AD: Anytime you go into an agrarian, third world economy, there is the overwhelming chance someone is going to be exploited. That’s the fundamentals of the industry. People are finding gold in the Oaxacan hills, that’s what they’re saying.

JB: It is changing. They’re getting very savvy. They’re putting real value not just their products but the products of their cultural heritage. We’ve got a friend of ours, the Alverado family from Santa Maria Ixcatlan, two years ago we were able to buy his mezcal in a jerry can. And his father would sell it to us in a Sprite bottle. But he’s the first member of his family to leave Mexico. He’s from a town of 230 people that have their own language, and he’s starting to realise hey, my people, my culture makes something that is worth a lot — I don’t think he cares about the money — he cares about it being worth something culturally. It’s an expression of his people that people are interested in. Now you can only buy his mezcal in his bottles. For him, that’s the statement: he wanted to tell his story his way.

A lot of other people’s arguments are it’s all economic development - we want mezcal to be the new tequila. But you look at tequila, the distribution of wealth is only really into this small group of families. And I think that would be a huge negative for the broader mezcal industry. Mezcal is the last of these home economy spirits — I’m sure there’s a couple others in the world — but this is the last commercial ones you get.

Do you think, though, that maybe this is just the way the world works and that this old way is just going to go at some point?

JB: Well, yes, unless people can be very smart — mezcal, as a category, as a peak body, has spent a lot of time trying to ensure that diversity is maintained.

AD: The reason the Spanish didn’t go down so far [to Oaxaca] is that the cultural fabric is so strong and non-European. Hopefully a lot of these cultures and their importance will endure far beyond the quick dollar. Money is gonna come and go quickly, but you’re talking in some places cultures that are thousands of years old.

Around Oaxaca and the mountains around Oaxaca, it’s very commercial — people are making mezcal and making it to sell it. But when you go to the hills of Michoacan or when you go to the end of the fucking road in Puebla?
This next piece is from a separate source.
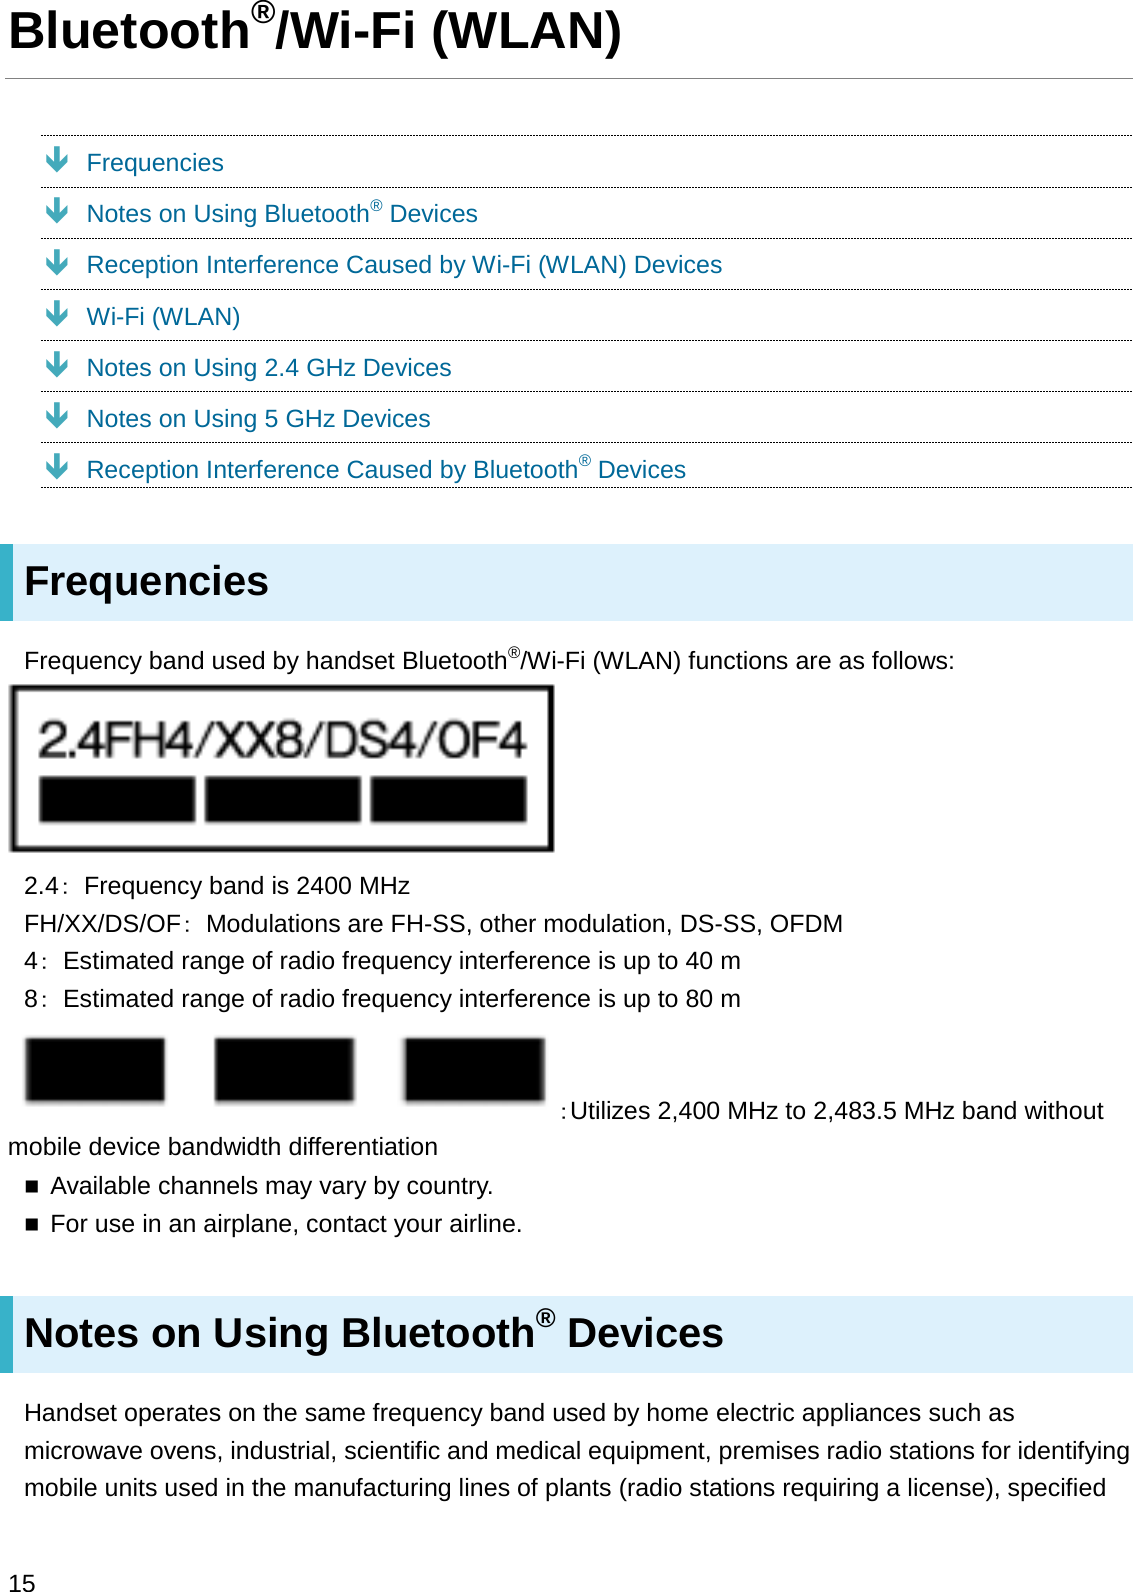 Bluetooth®/Wi-Fi (WLAN)ÐFrequenciesÐNotes on Using Bluetooth®DevicesÐReception Interference Caused by Wi-Fi (WLAN) DevicesÐWi-Fi (WLAN)ÐNotes on Using 2.4 GHz DevicesÐNotes on Using 5 GHz DevicesÐReception Interference Caused by Bluetooth®DevicesFrequenciesFrequency band used by handset Bluetooth®/Wi-Fi (WLAN) functions are as follows:2.4䠖Frequency band is 2400 MHzFH/XX/DS/OF䠖Modulations are FH-SS, other modulation, DS-SS, OFDM4䠖Estimated range of radio frequency interference is up to 40 m8䠖Estimated range of radio frequency interference is up to 80 m䠖Utilizes 2,400 MHz to 2,483.5 MHz band without mobile device bandwidth differentiationAvailable channels may vary by country.For use in an airplane, contact your airline.Notes on Using Bluetooth®DevicesHandset operates on the same frequency band used by home electric appliances such as microwave ovens, industrial, scientific and medical equipment, premises radio stations for identifying mobile units used in the manufacturing lines of plants (radio stations requiring a license), specified 15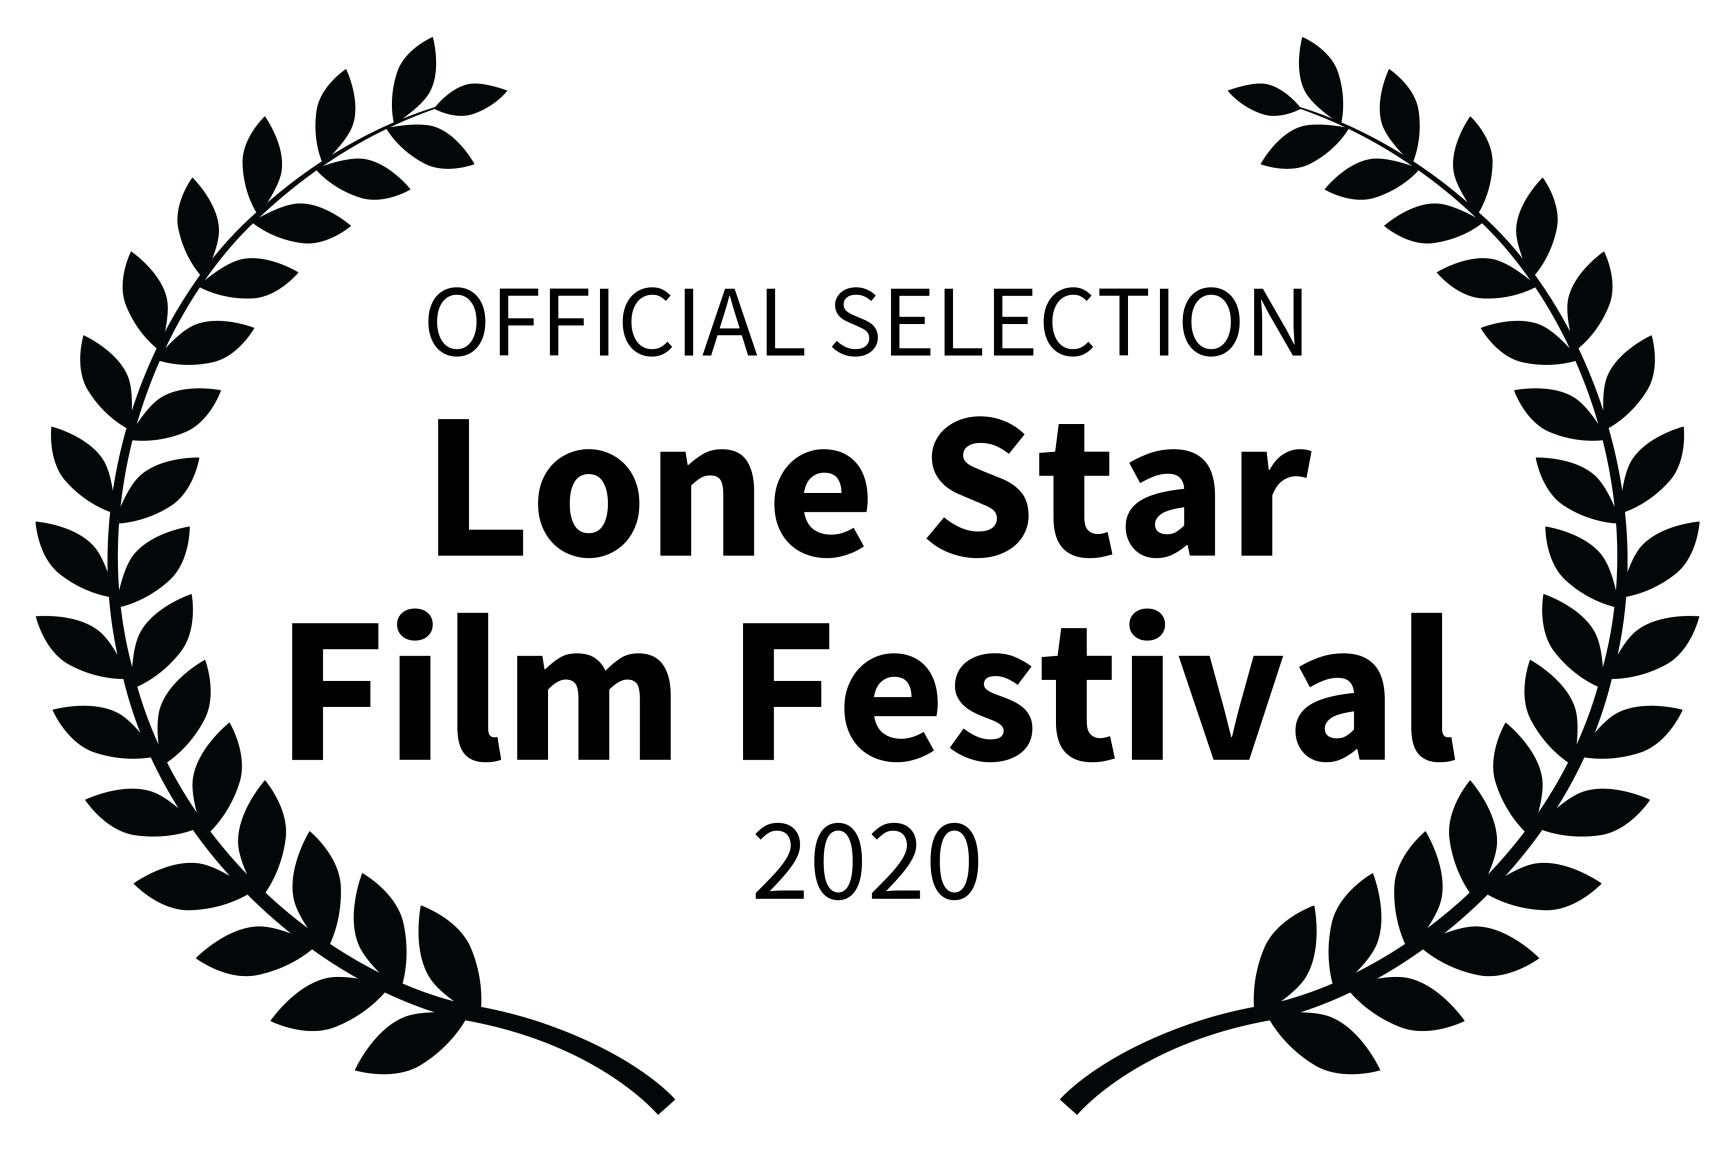 Official selection of the Lone Star Film Festival - 2020

JB: Or even coastal Jalisco. They’re making mezcal for totally uncommercial reasons. We went to a guy in Jalisco making this incredible — incredible — raicilla. He had vintages from 1992, sitting there in glass. We were like, we’ll buy your warehouse. He was like, “Oh, I’m not selling. It’s been nice having you guys here, it’s lovely, but I’m not going to sell you any of this stuff — of course not.”

There is hope there. It’s so diverse. It’s so micro.

AD: Mezcal's agricultural roots make it impossible to scale. If we were to start Big Boy Mezcal and we went over there, you’ve got a still that’s 80 litres made from clay — there’s no commercial viability to that. To be honest, we’re not even that in touch with what’s going on in an industrial scale with mezcal.

JB: It’s big but we barely touch that stuff.

AD: If we’re talking about vanity, we just have no interest in that stuff. What’s interesting to us is the people, places, and experiences. The mezcal is a bonus in a lot of ways. That’s the thread, but the rest of the experience is more what we’re about.